What to produce:
From the line that holds "Trend Setters Original" to the last line below, retype everything exactly and nothing else; omit pictures.

Data segment:
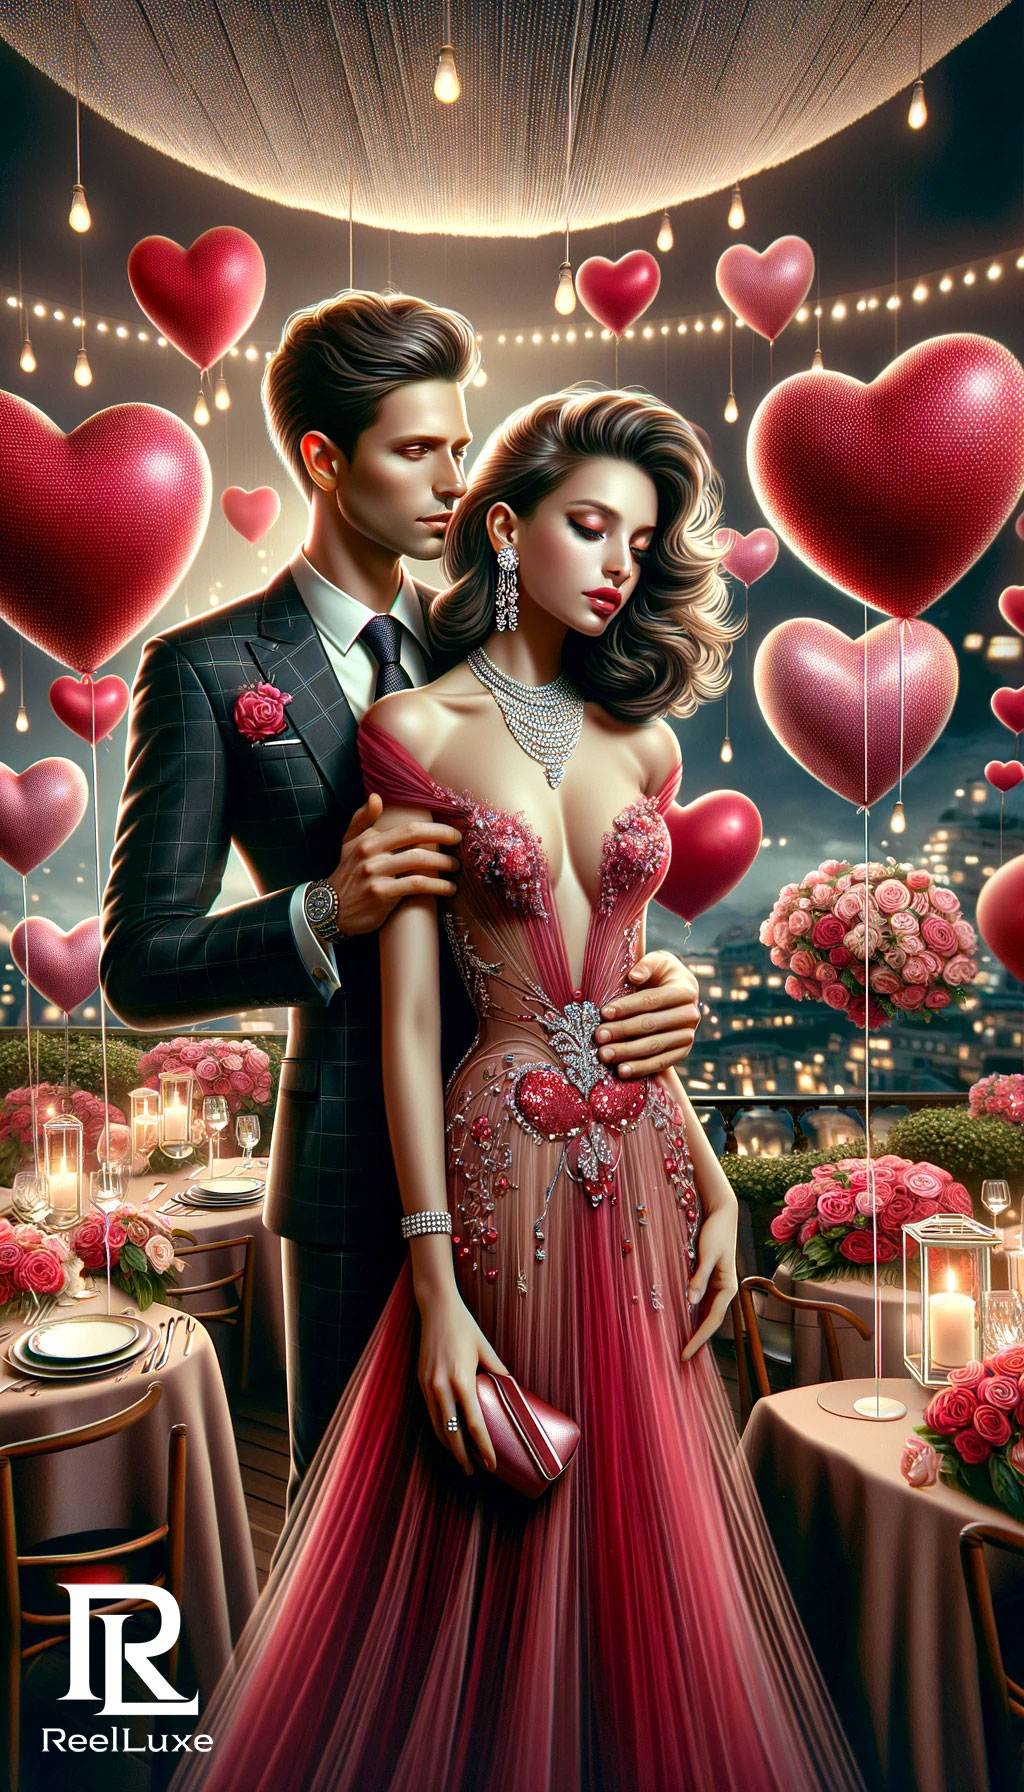 Romance in the Air – Valentine’s Day – Beauty and Fashion – Dinner Date – 2
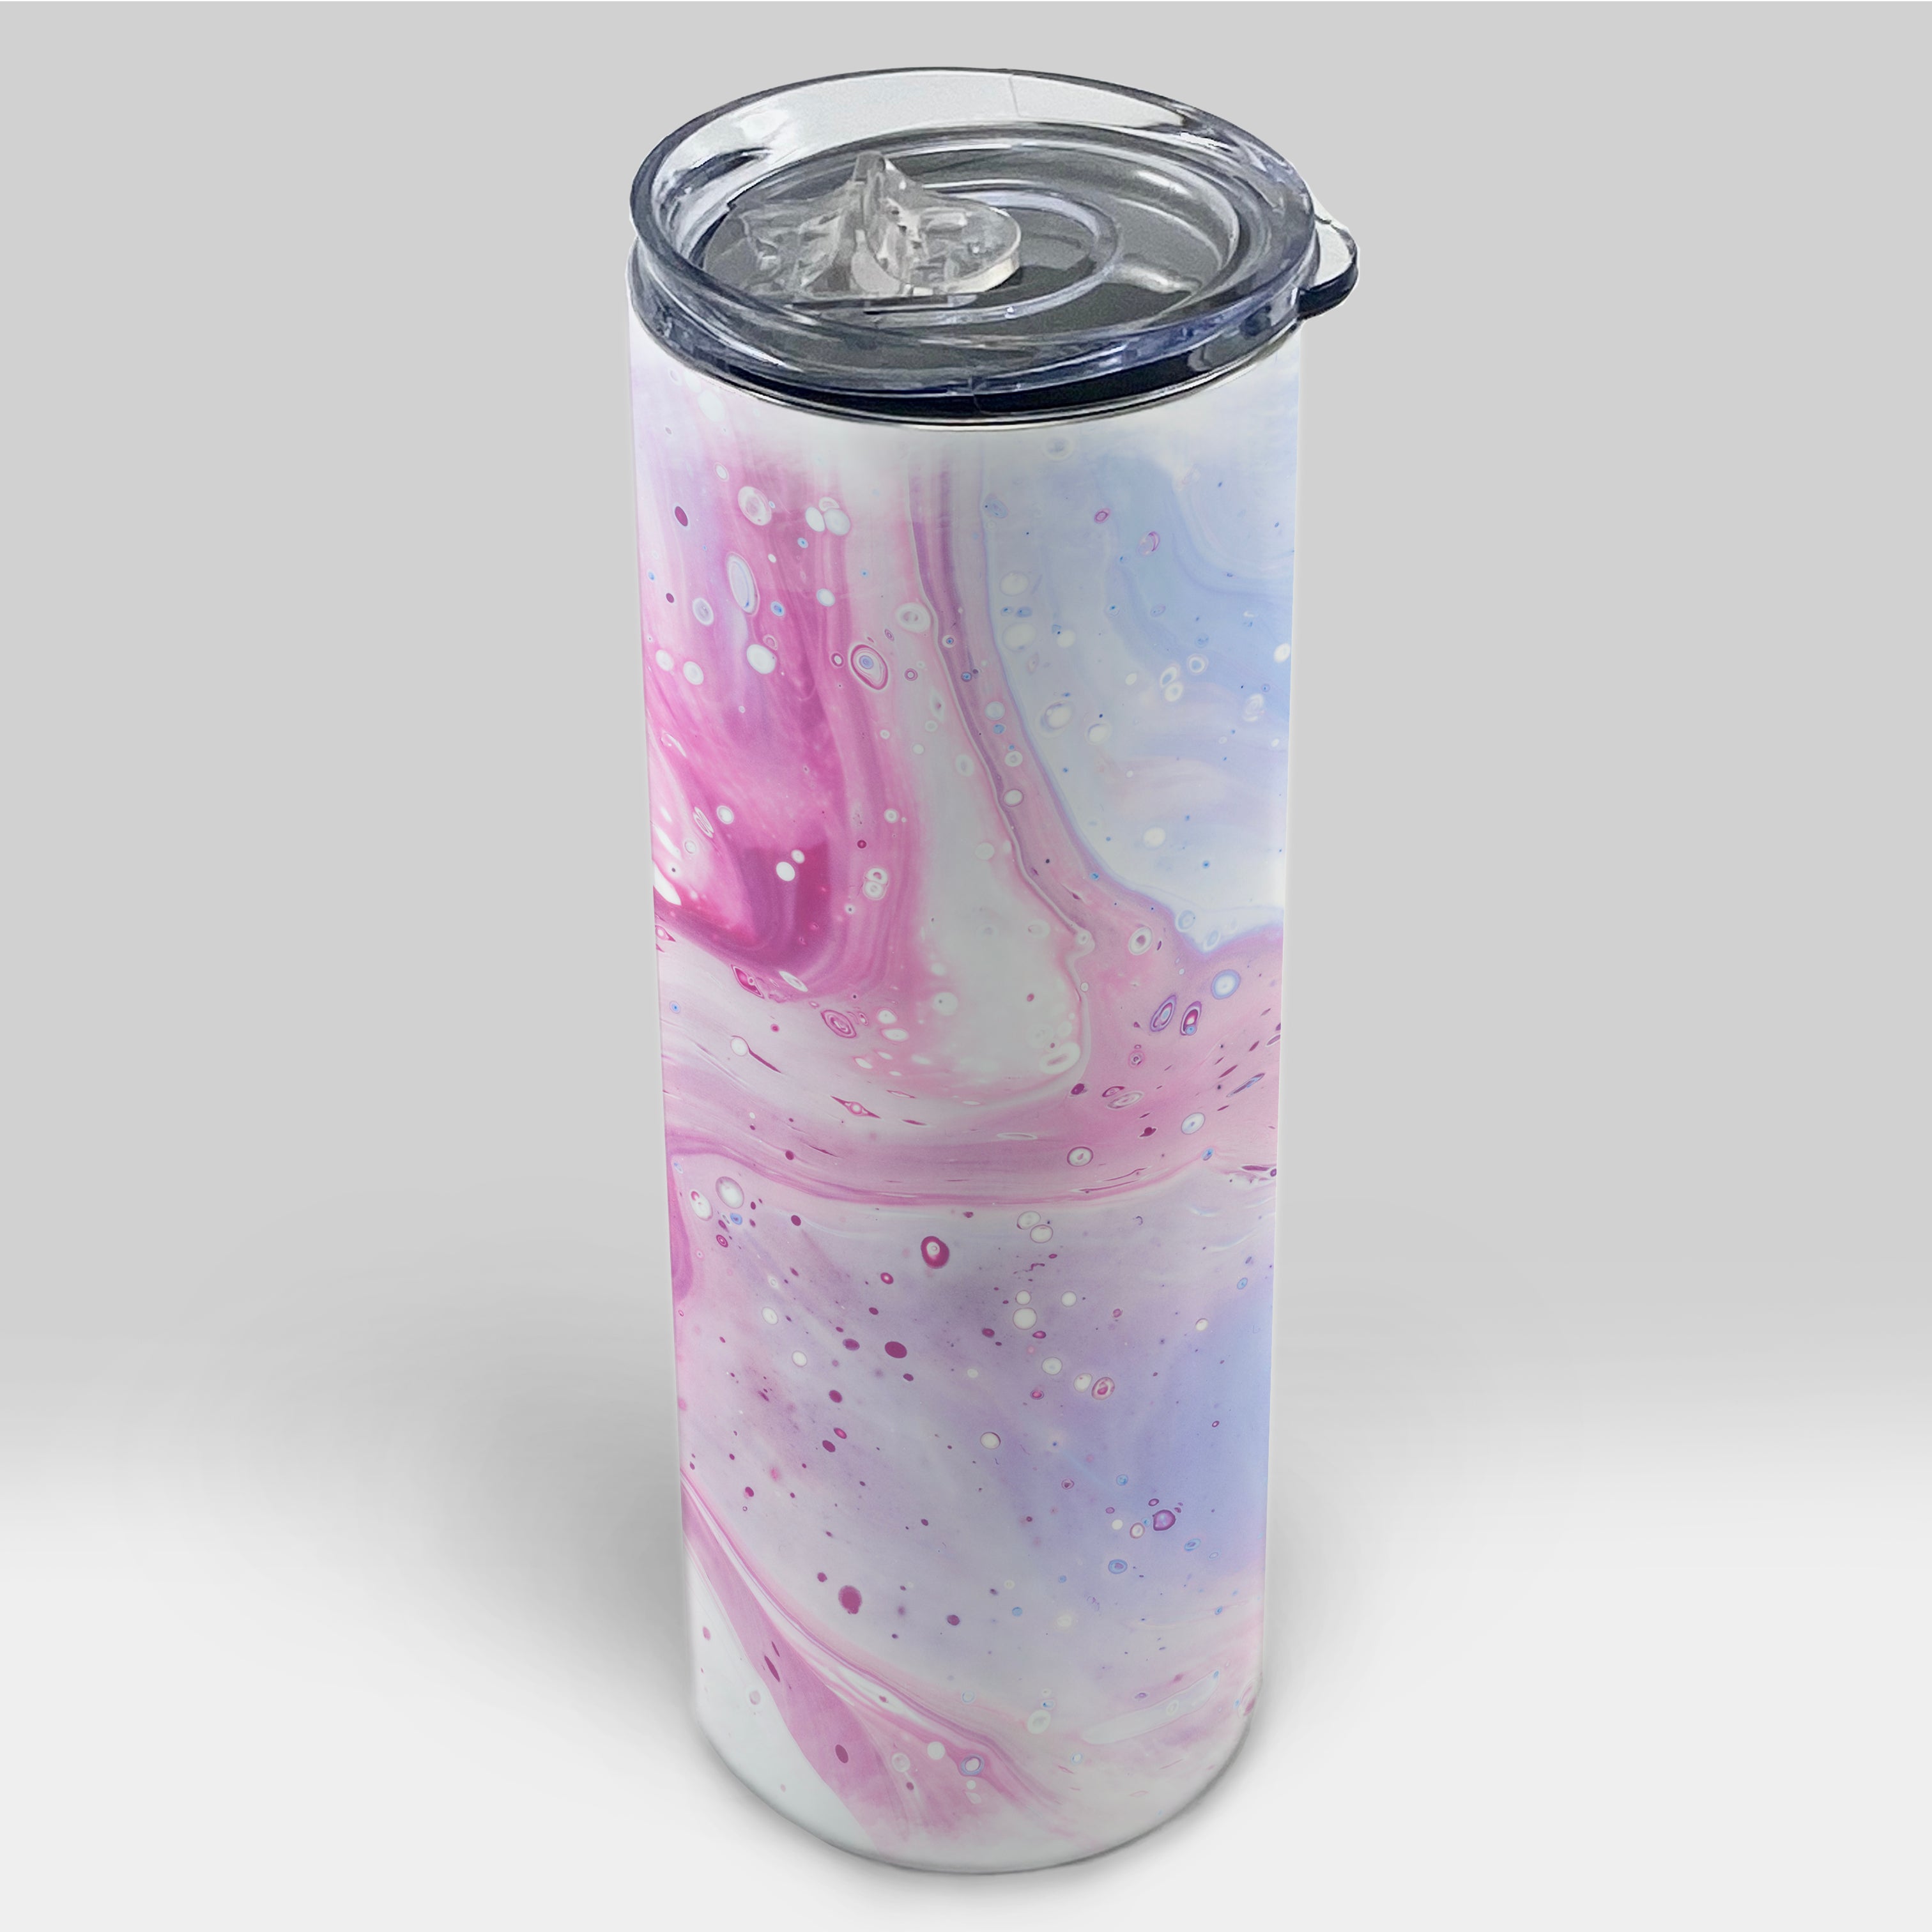 Trend Setters Original (Pink and Blue Marble) 20oz Stainless Steel Travel Tumbler with Straw
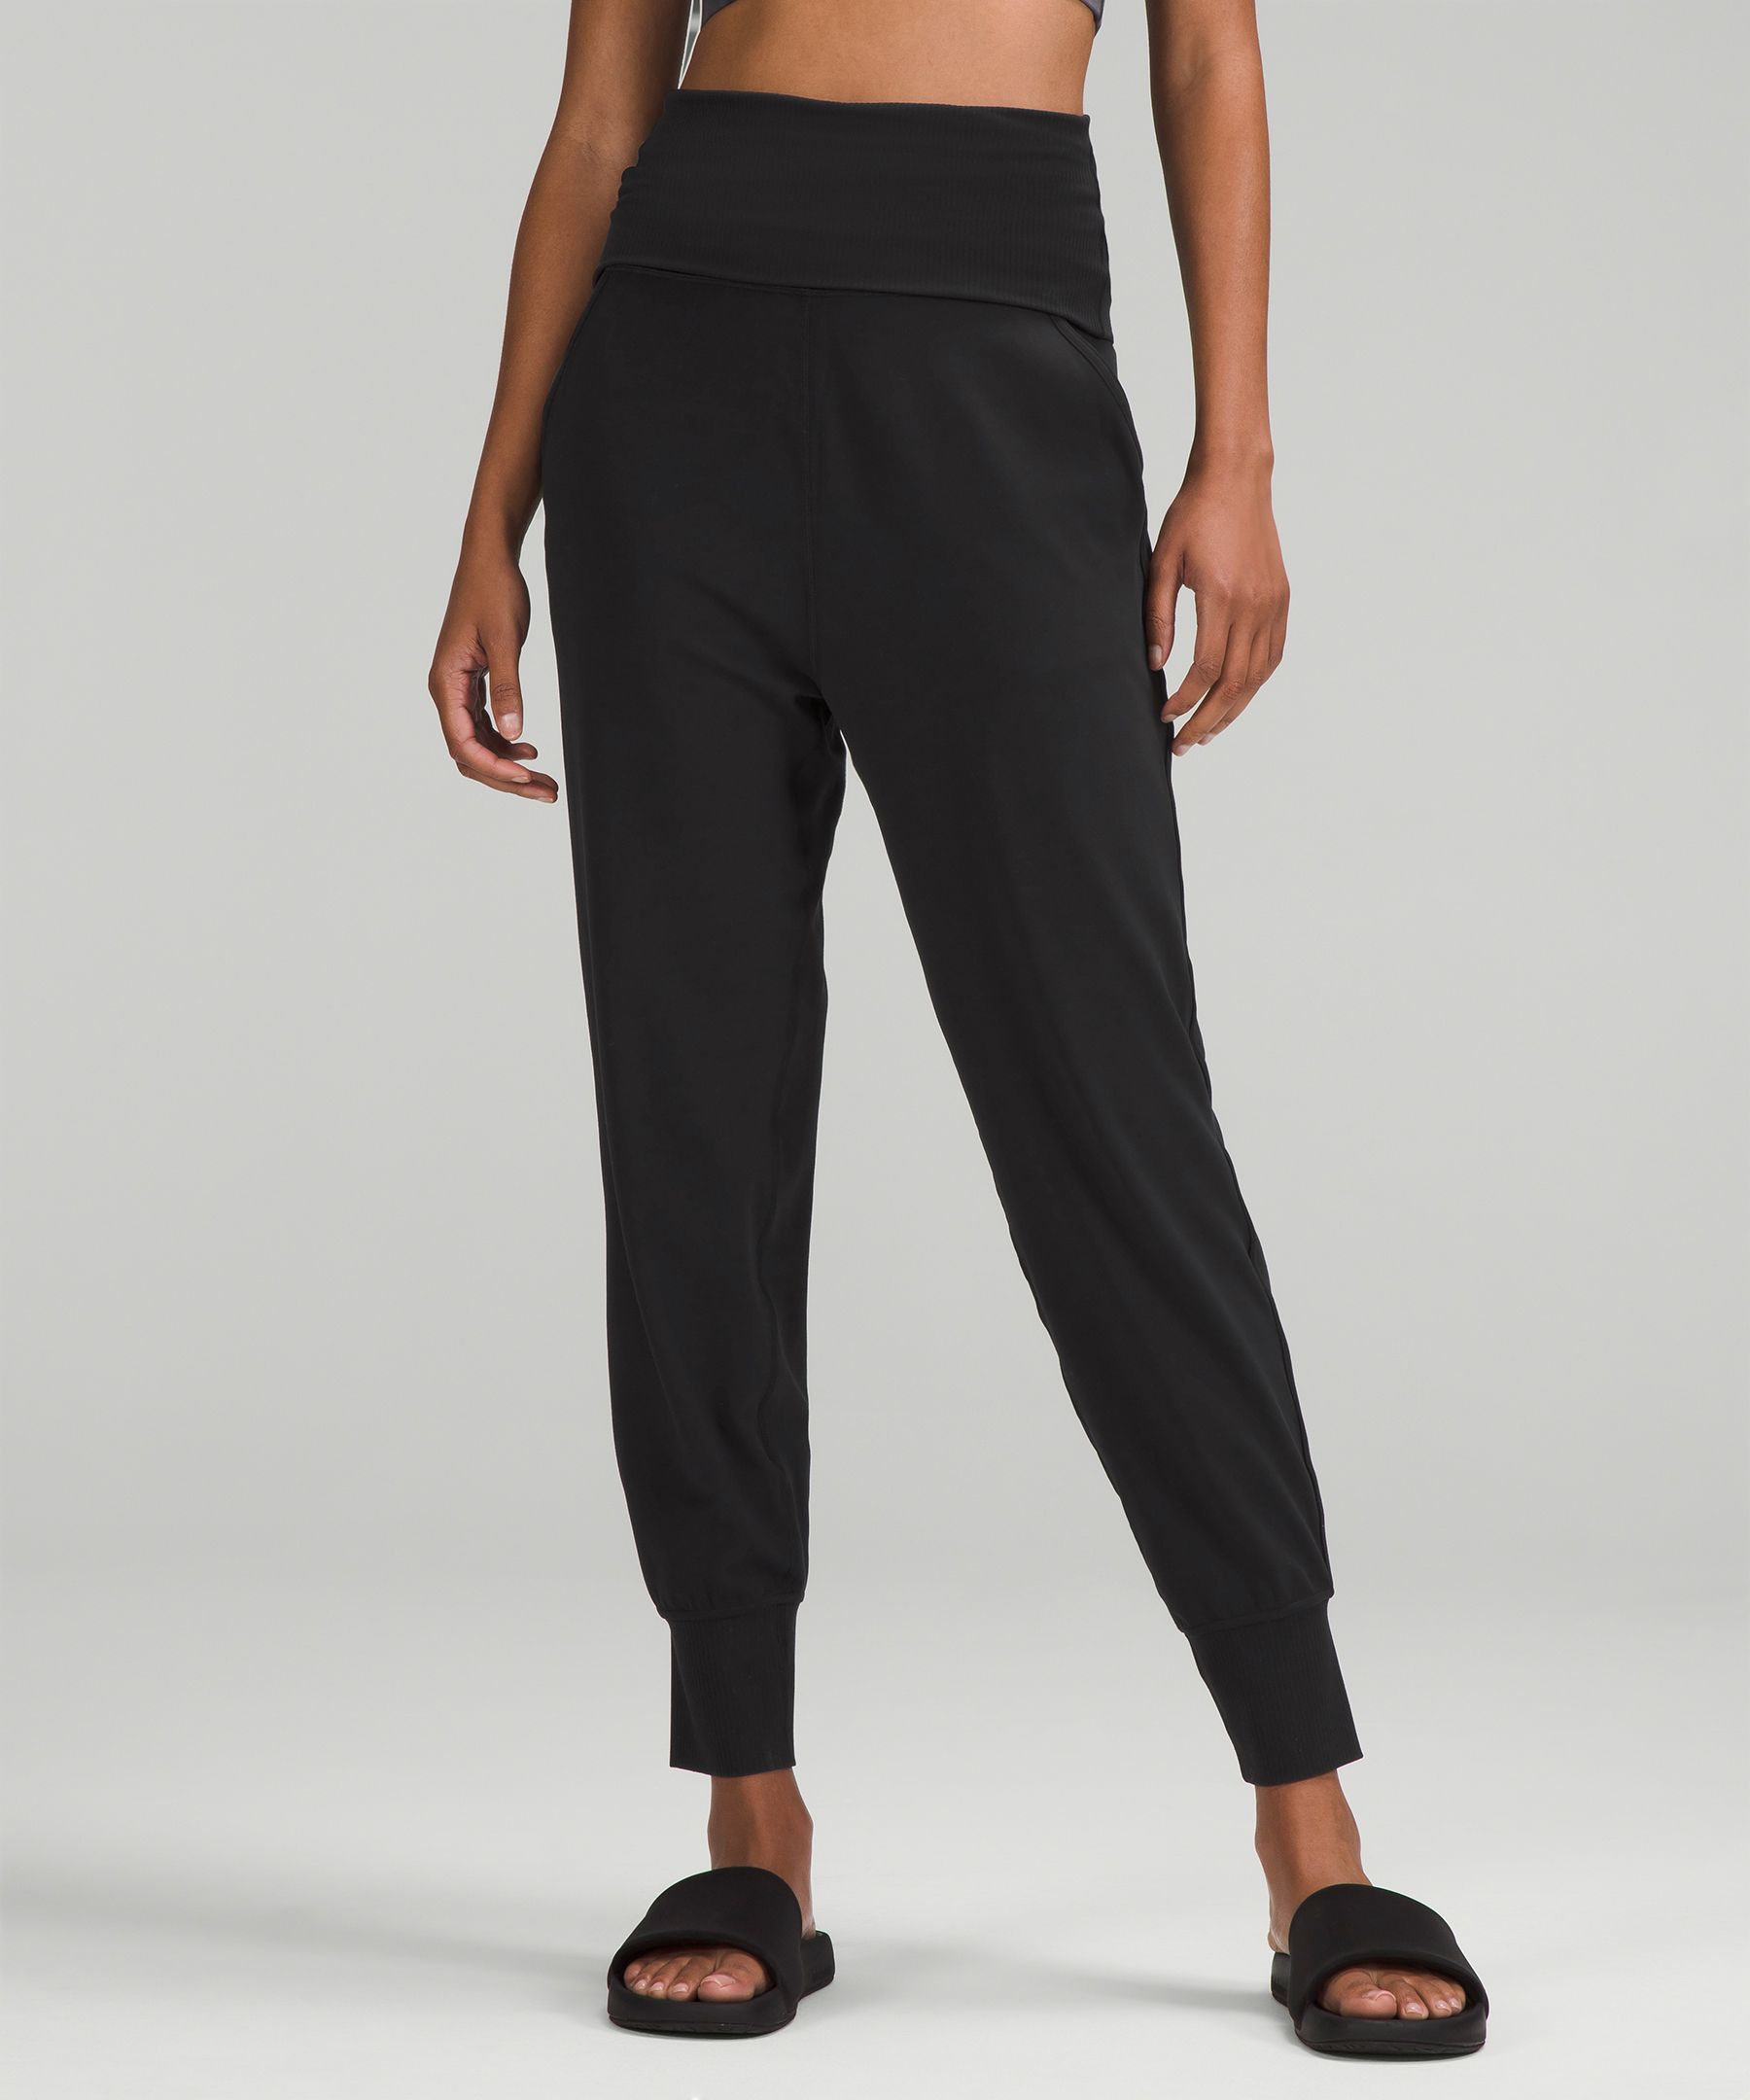 When feeling nothing is everything. lululemon align joggers

Exercise response:
 Trend Setters Original (Pink and Blue Marble) 20oz Stainless Steel Travel Tumbler with Straw
 When feeling nothing is everything. lululemon align joggers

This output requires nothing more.